- _Exercise_
Output nothing except the lines from the one containing "Luis iz Spondomsa" through the final line of the data, both included, typed exactly, minus the pictures.

- _Provided material_
* * * * * * *
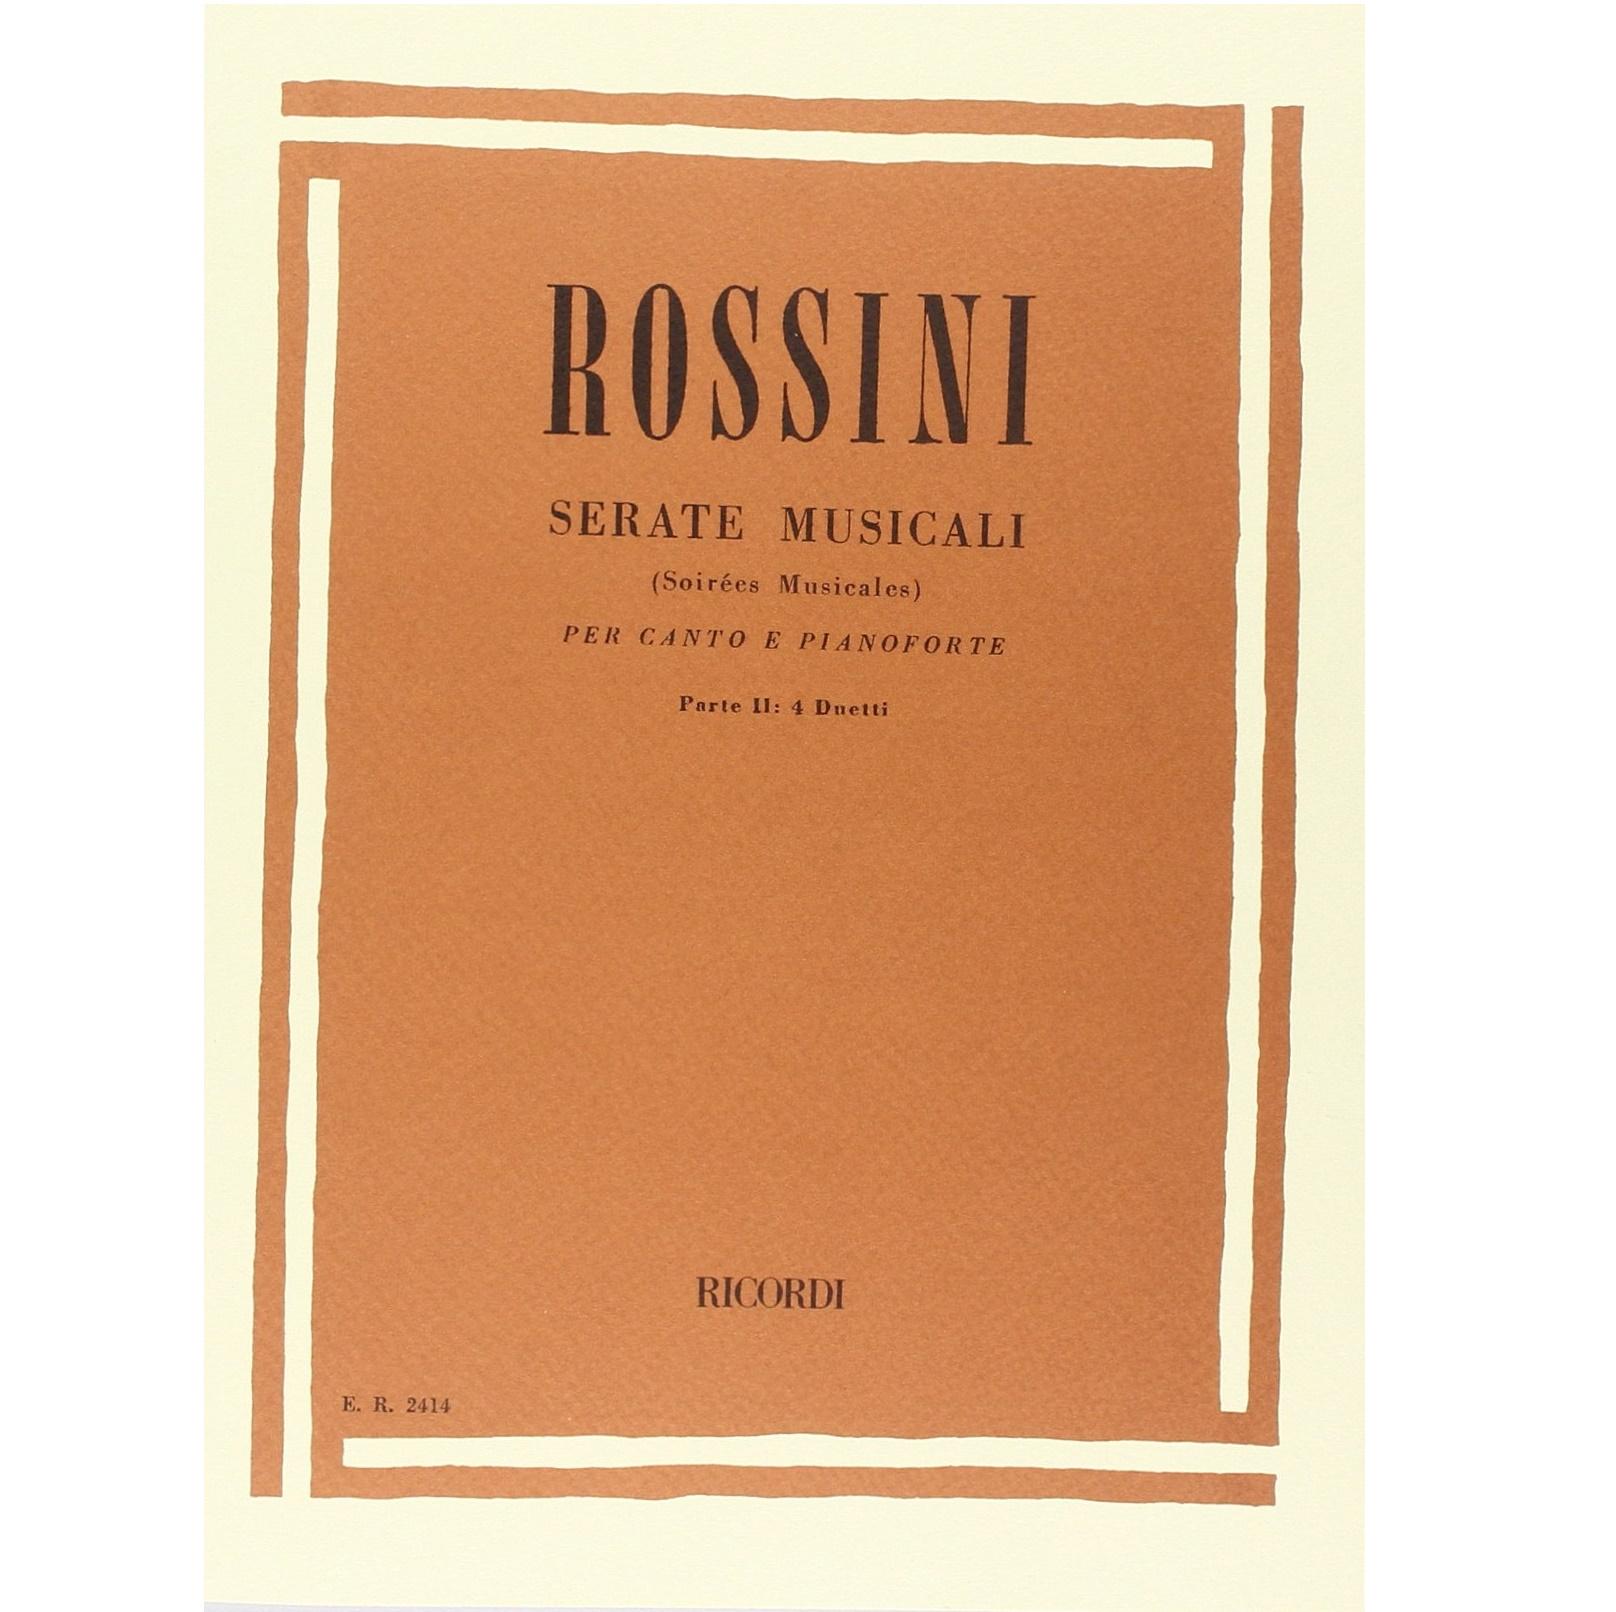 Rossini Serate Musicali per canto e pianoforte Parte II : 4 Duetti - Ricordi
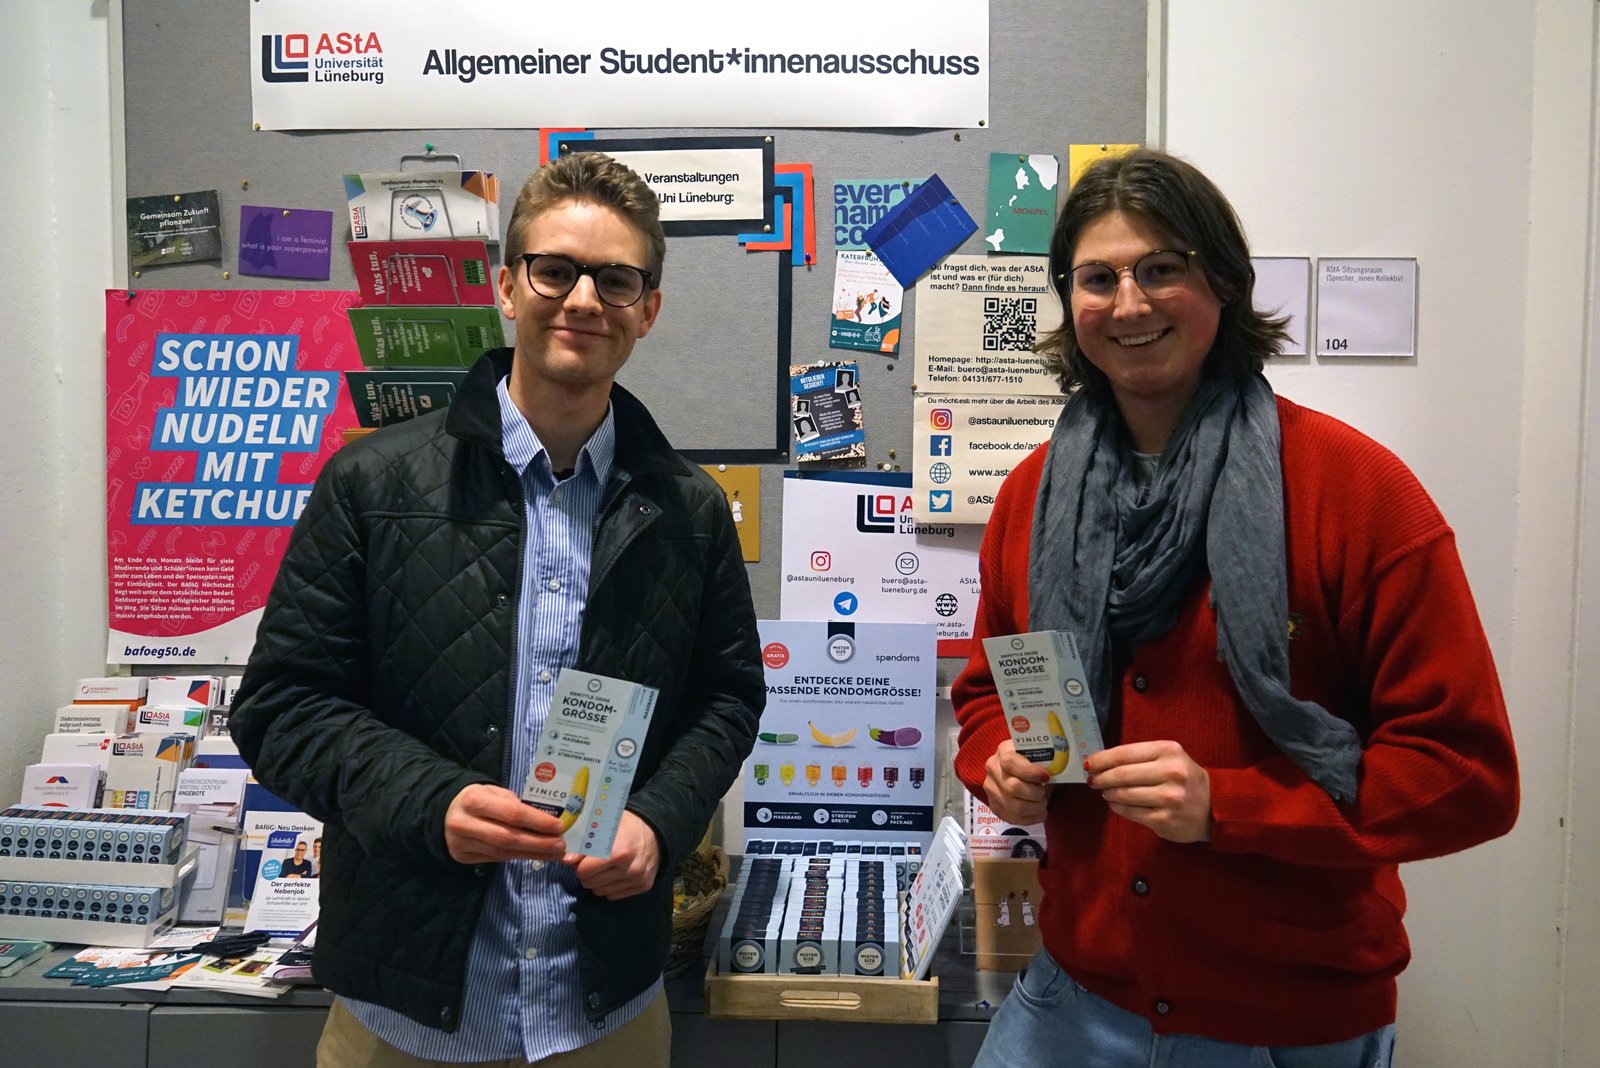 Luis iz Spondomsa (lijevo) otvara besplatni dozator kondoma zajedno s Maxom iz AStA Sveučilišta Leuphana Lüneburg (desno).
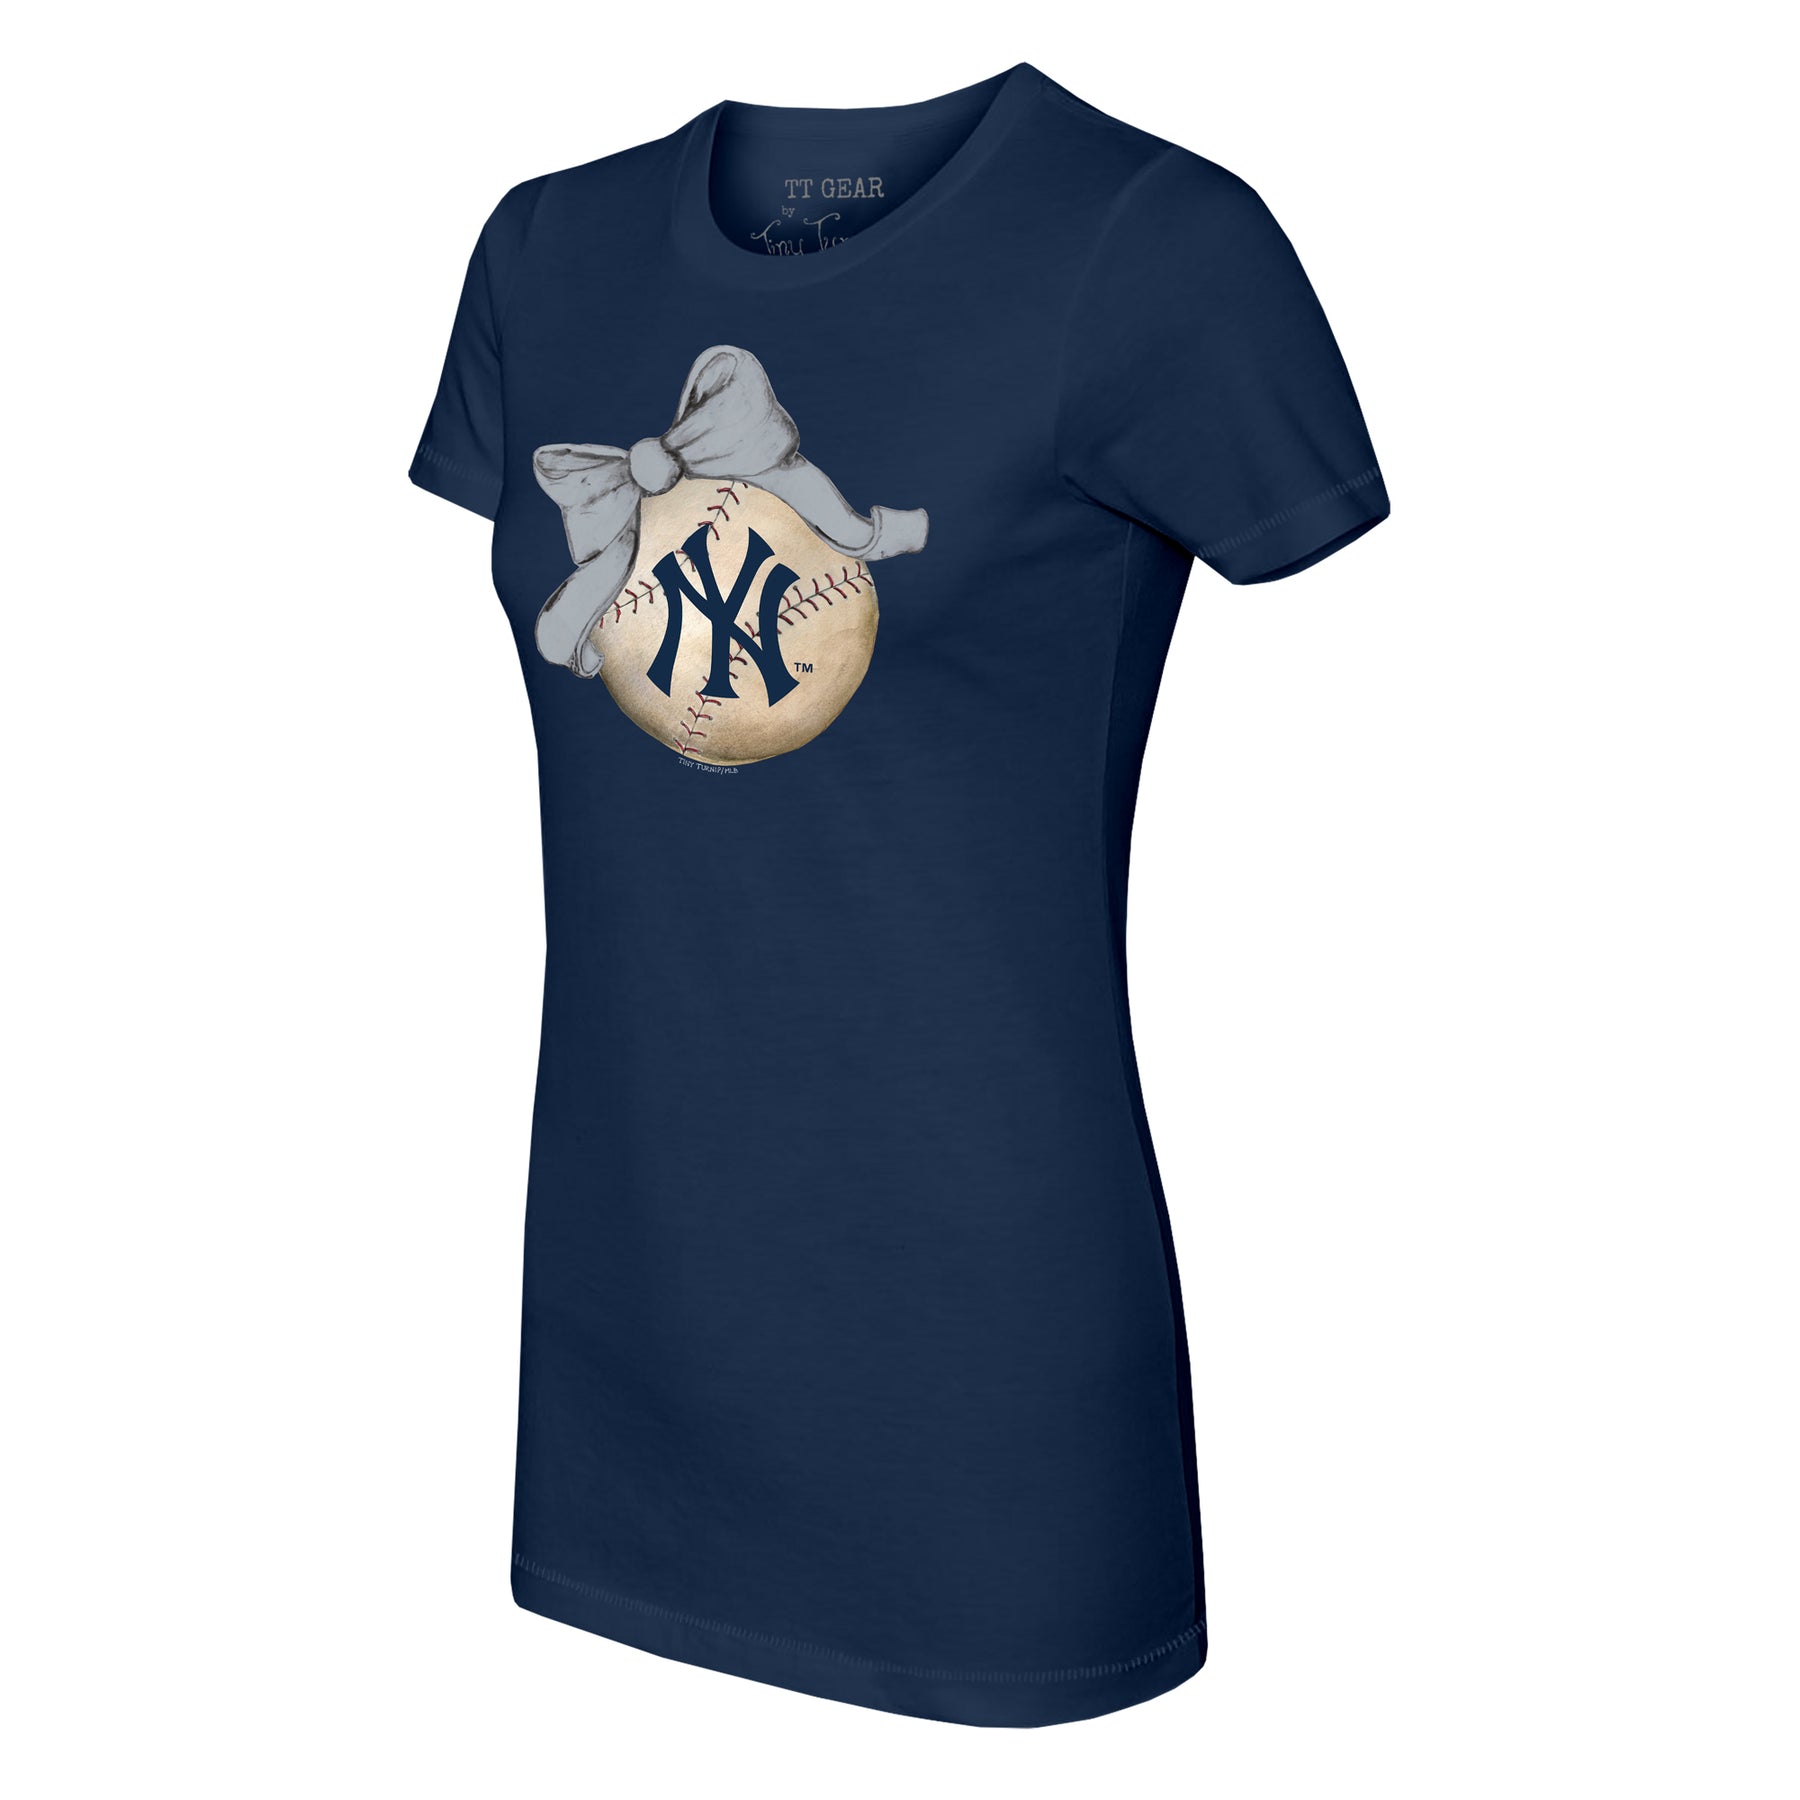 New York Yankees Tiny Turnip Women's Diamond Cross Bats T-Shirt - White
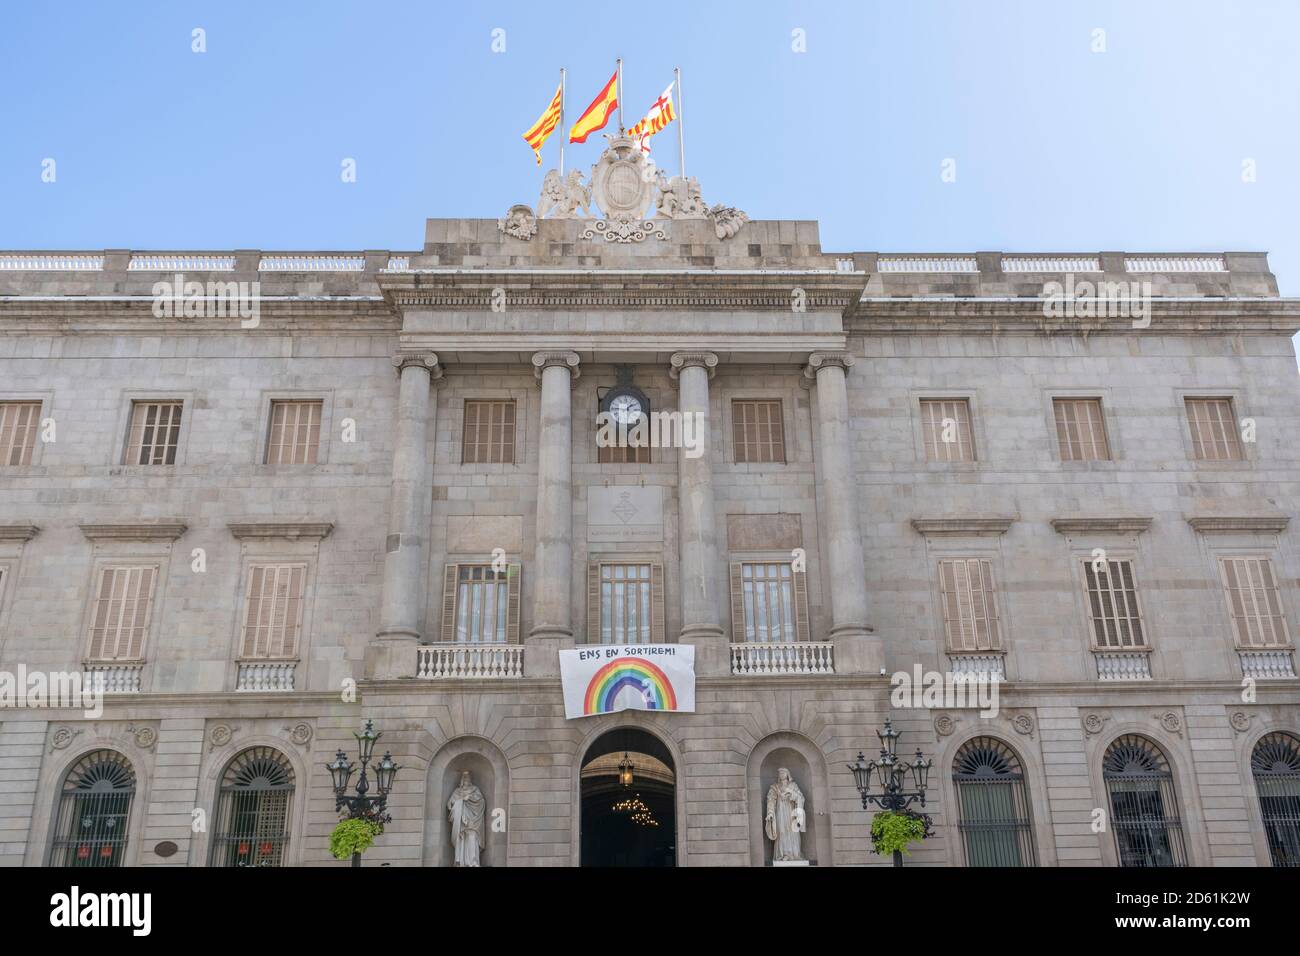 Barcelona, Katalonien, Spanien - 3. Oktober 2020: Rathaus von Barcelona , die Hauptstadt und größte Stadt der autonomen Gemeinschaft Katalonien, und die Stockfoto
* * * * * * *
- _Solved exercise_
 Luis iz Spondomsa (lijevo) otvara besplatni dozator kondoma zajedno s Maxom iz AStA Sveučilišta Leuphana Lüneburg (desno).
 New York Yankees Tiny Turnip Women's Diamond Cross Bats T-Shirt - White
 Barcelona, Katalonien, Spanien - 3. Oktober 2020: Rathaus von Barcelona , die Hauptstadt und größte Stadt der autonomen Gemeinschaft Katalonien, und die Stockfoto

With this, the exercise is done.